*WORK ITEM:* For the entries below, the expected answer is the line with "Caparo Industries Plc", the line with "Bulgarian vs Spanish", and every line between them, exactly as written, and nothing more.

*DATA RECORDS:*
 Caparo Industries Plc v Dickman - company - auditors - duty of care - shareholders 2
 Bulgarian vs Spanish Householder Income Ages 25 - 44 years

--

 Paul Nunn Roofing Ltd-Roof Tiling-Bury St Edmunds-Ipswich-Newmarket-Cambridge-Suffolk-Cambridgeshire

==

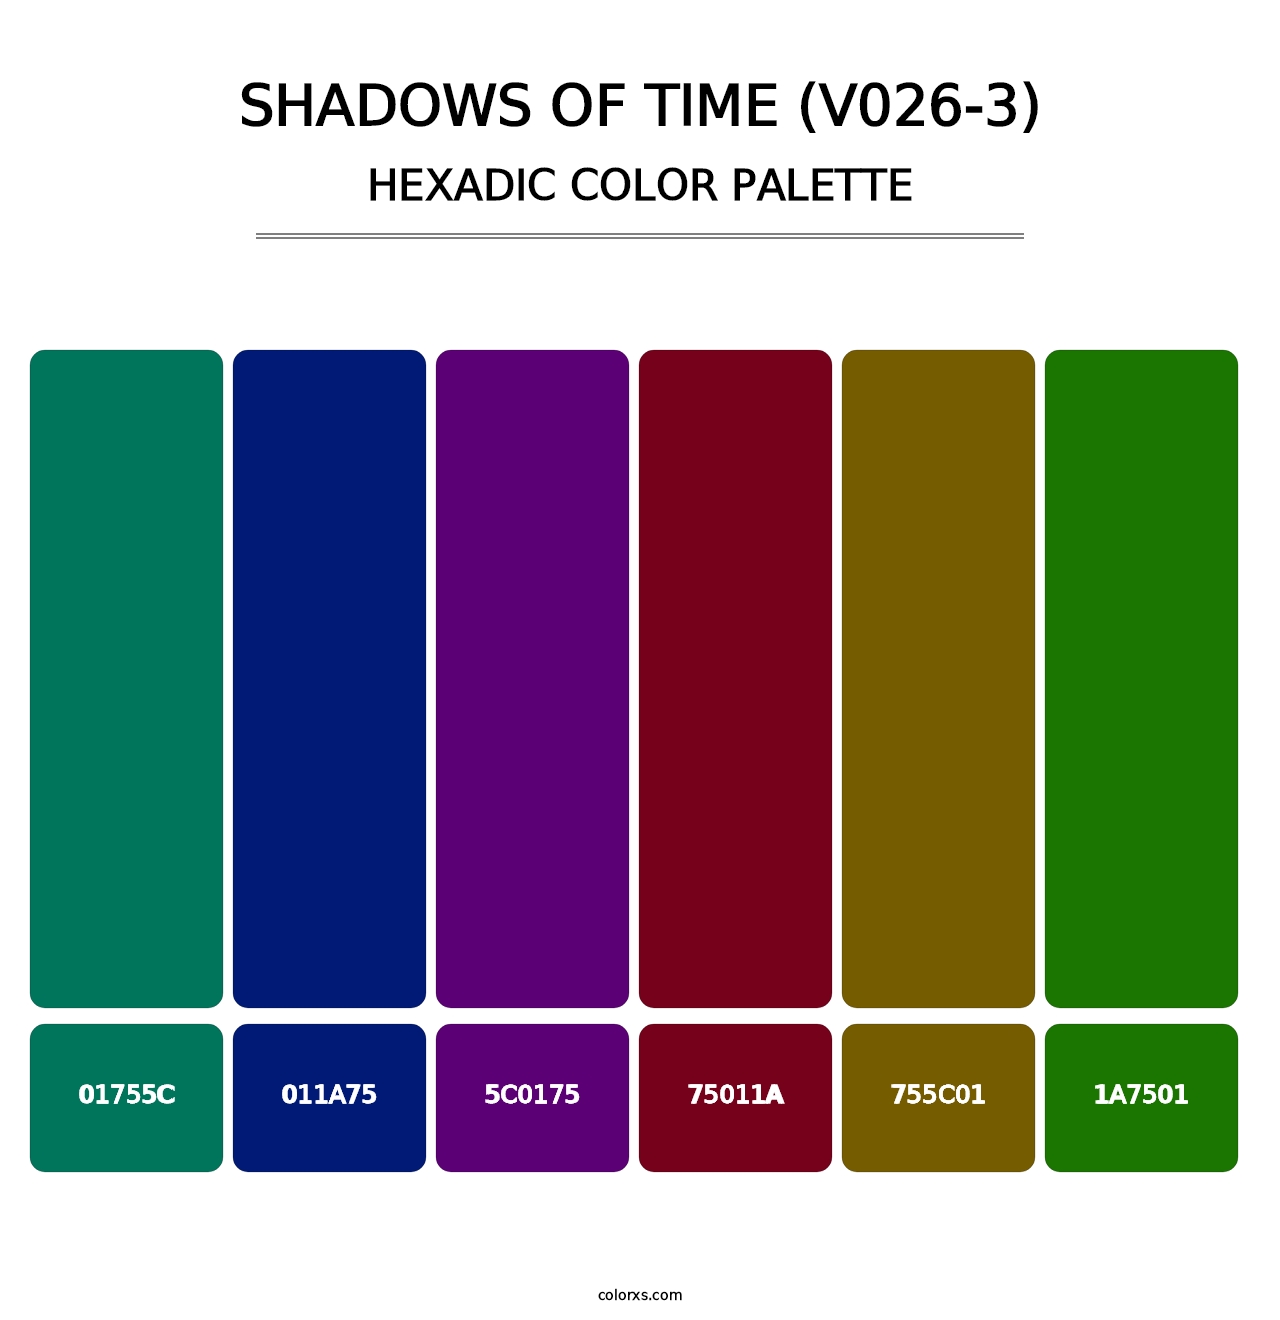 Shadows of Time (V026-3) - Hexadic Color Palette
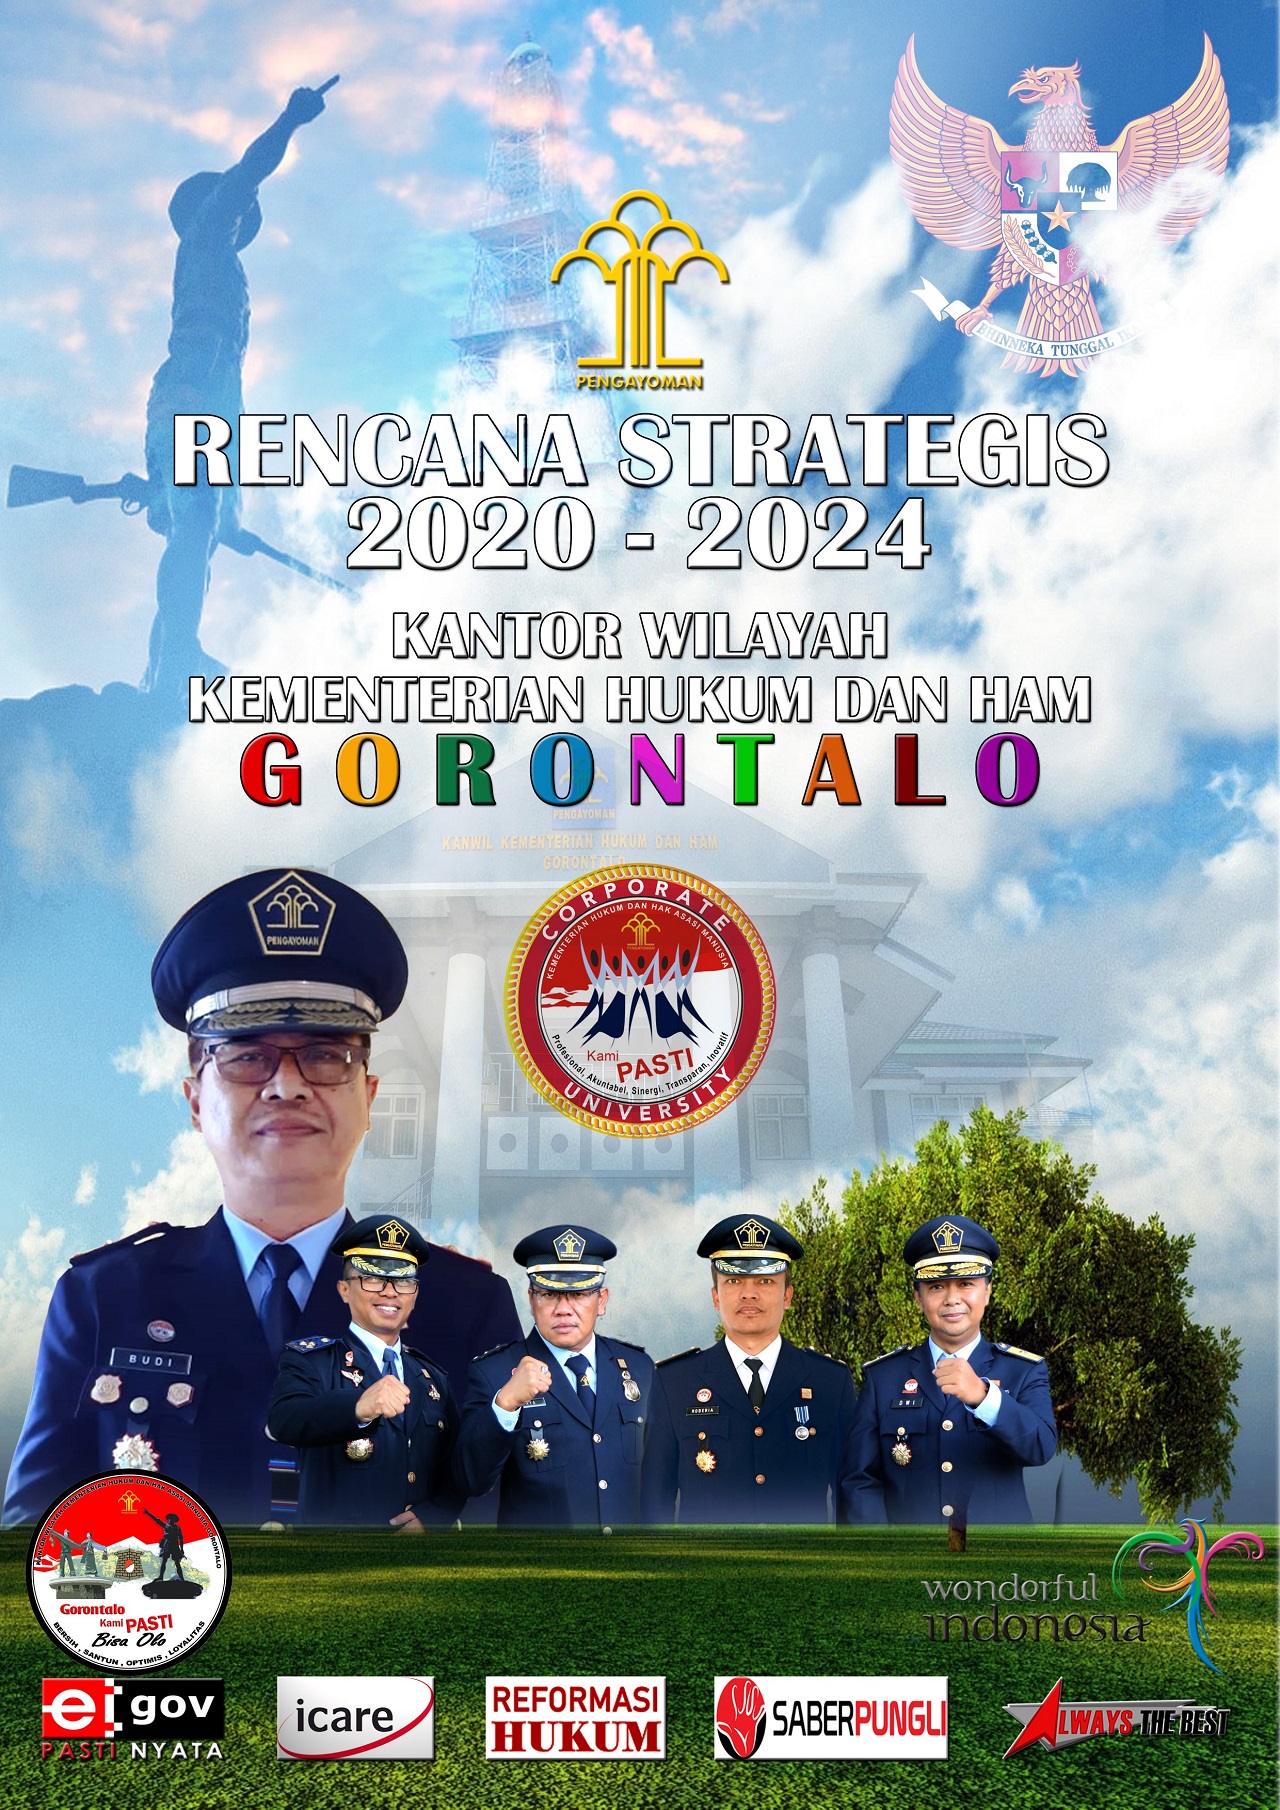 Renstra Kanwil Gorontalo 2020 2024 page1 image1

*WRITTEN ANSWER:*
 Caparo Industries Plc v Dickman - company - auditors - duty of care - shareholders 2
 Bulgarian vs Spanish Householder Income Ages 25 - 44 years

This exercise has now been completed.